# Service repair manual???



## MUSTANGKILLA (Jul 6, 2009)

Does anyone know of a service manual that is available for 2004-2006 GTO. I looked into Haynes and Chilton's and neither has printed one. Just wondering if someone else offers one. :confused


----------



## jpalamar (Jul 22, 2008)

GM Parts House, talk to Gene. I think I got the GM book for like $120 or so. He runs monthly specials on LS1GTO.com


----------



## GM4life (Mar 18, 2007)

Try here: Helm Incorporated: Product Search Engine


----------



## MUSTANGKILLA (Jul 6, 2009)

I will check it out. Thank you!


----------



## MUSTANGKILLA (Jul 6, 2009)

GM4life, yep that was what I needed!

$135.00 is ridiculous though! But what can I do I got to have it. These things are the best thing you can own if you work on your own vehicle. I have honestly never owned a vehicle and not had one. I just never paid $135 for one. 

Thanks again!


----------



## jpalamar (Jul 22, 2008)

MUSTANGKILLA said:


> GM4life, yep that was what I needed!
> 
> $135.00 is ridiculous though! But what can I do I got to have it. These things are the best thing you can own if you work on your own vehicle. I have honestly never owned a vehicle and not had one. I just never paid $135 for one.
> 
> Thanks again!


Get used to the price.
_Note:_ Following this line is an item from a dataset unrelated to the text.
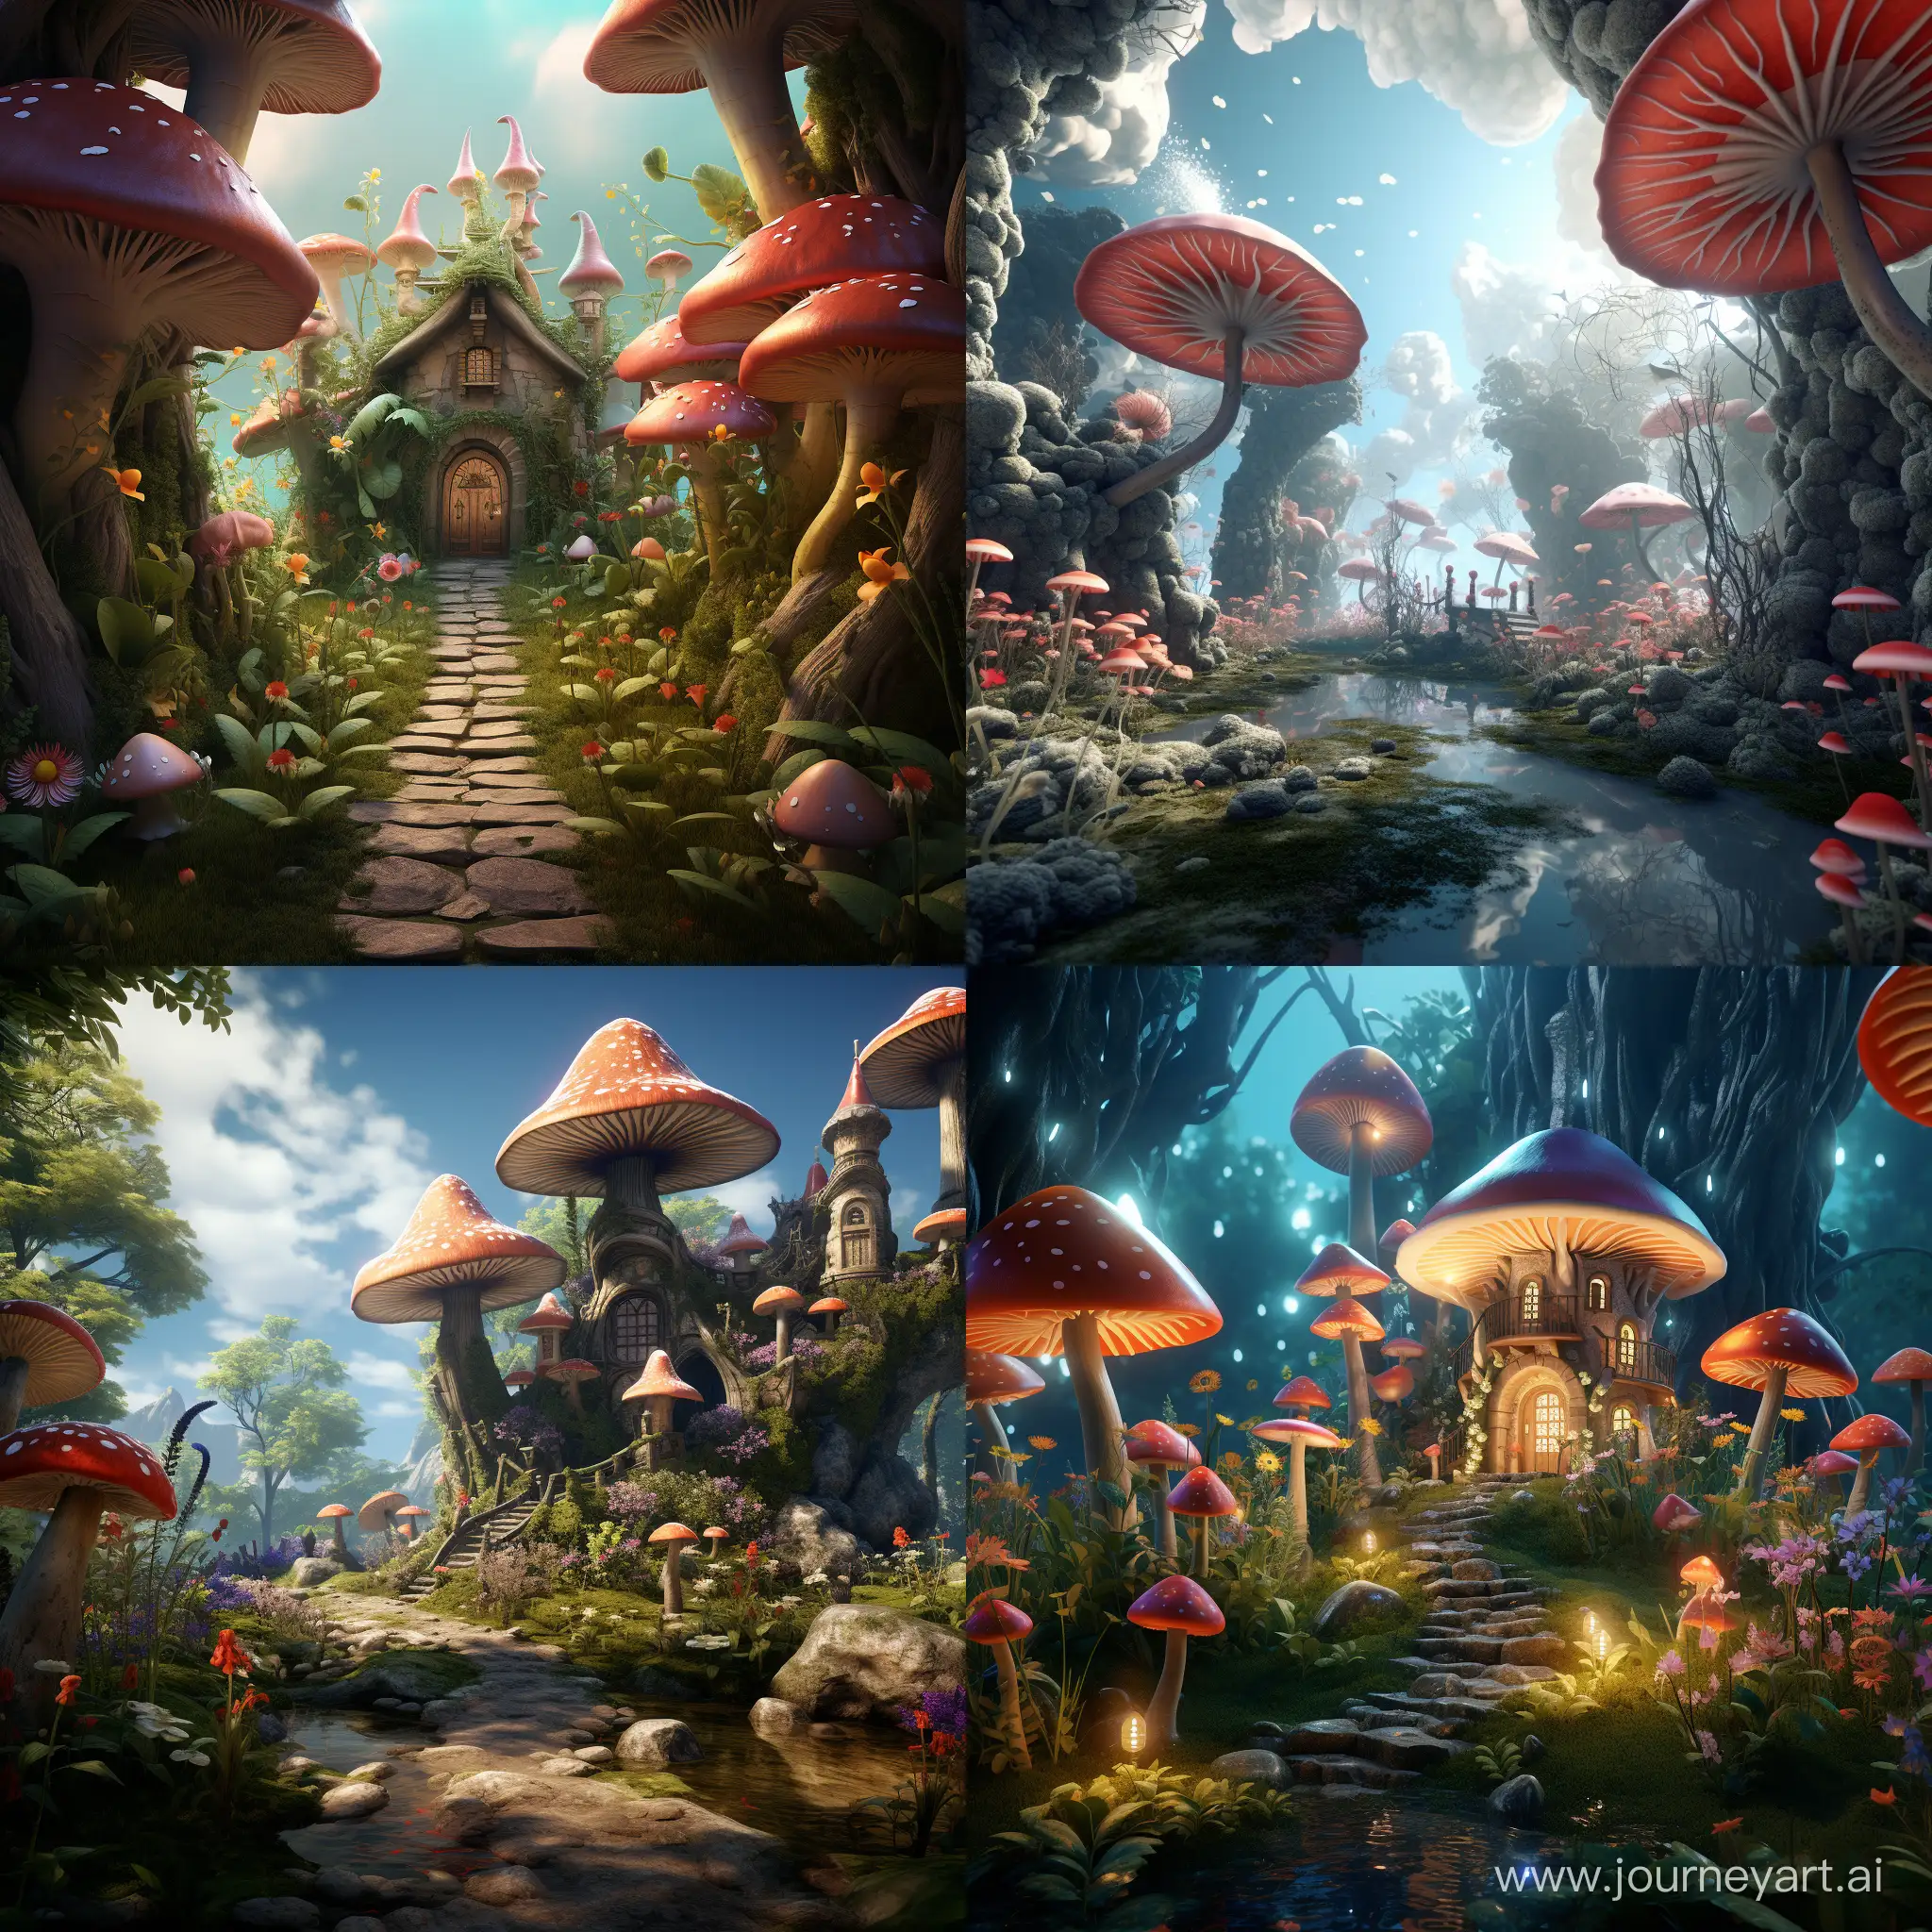 Enchanting-3D-Animation-of-a-Mystical-Magic-Garden

That's GTO inflation for you. Most expensive cars ever lol atleast for a Pontiac.


----------



## Poncho Dan (Jun 30, 2009)

Hey if its an official factory repair manual, the price aint so bad. Haynes and Chilton books aren't a whole lot better than an owners manual in my experience... I love how in so many sections they say something to the effect of "Due to the complex nature of X or Y system, it is recommended that you take your vehicle to a service center" :lol: Don't think you can do the "Based on a complete tear down and rebuild" that they advertise. They're good for finding the locations of some things, and wiring diagrams and torque specs, but that's about it.


----------



## Q8 GTO (Jun 28, 2009)

the best thing is alldata it is alot better than a book all dealers and good shops use it and i think now they have a virsion that they sell for specific cars for the public


----------



## Poncho Dan (Jun 30, 2009)

Just thought I'd throw this out there: I paid $90 for a factory repair manual (A manual for 1963, with an amendment booklet for the '64 model year changes) for my '64 Grand Prix at a swap meet about 6 years ago & $60 for a book for my '55 Chieftain. I tell you though, worth every penny... those things tell you how to rebuild everything from power steering pumps to differentials.


----------



## GM4life (Mar 18, 2007)

MUSTANGKILLA said:


> GM4life, yep that was what I needed!
> 
> $135.00 is ridiculous though! But what can I do I got to have it. These things are the best thing you can own if you work on your own vehicle. I have honestly never owned a vehicle and not had one. I just never paid $135 for one.
> 
> Thanks again!


Your welcome.:cheers


Poncho Dan said:


> Hey if its an official factory repair manual, the price aint so bad. Haynes and Chilton books aren't a whole lot better than an owners manual in my experience... I love how in so many sections they say something to the effect of "Due to the complex nature of X or Y system, it is recommended that you take your vehicle to a service center" :lol: Don't think you can do the "Based on a complete tear down and rebuild" that they advertise. They're good for finding the locations of some things, and wiring diagrams and torque specs, but that's about it.


:agree


----------



## dlopes89 (Jul 18, 2010)

damn $135... anyone wanna send me photocopies of it haha


----------



## GM4life (Mar 18, 2007)

Check ebay. Sometimes you can find someone with a DVD GM service manual for cheap. Sometimes you will run across one with more GM vehicles than you'll need.


----------



## dlopes89 (Jul 18, 2010)

04-06 repair manual dvds- $20 on ebay... i feel stupid


----------



## LS2 MN6 (Jul 14, 2010)

Paper copies are worth every penny they charge. I've got them for my Corvette, and I just bought the GTO set. The pictures, descriptions, etc cannot be beat.


----------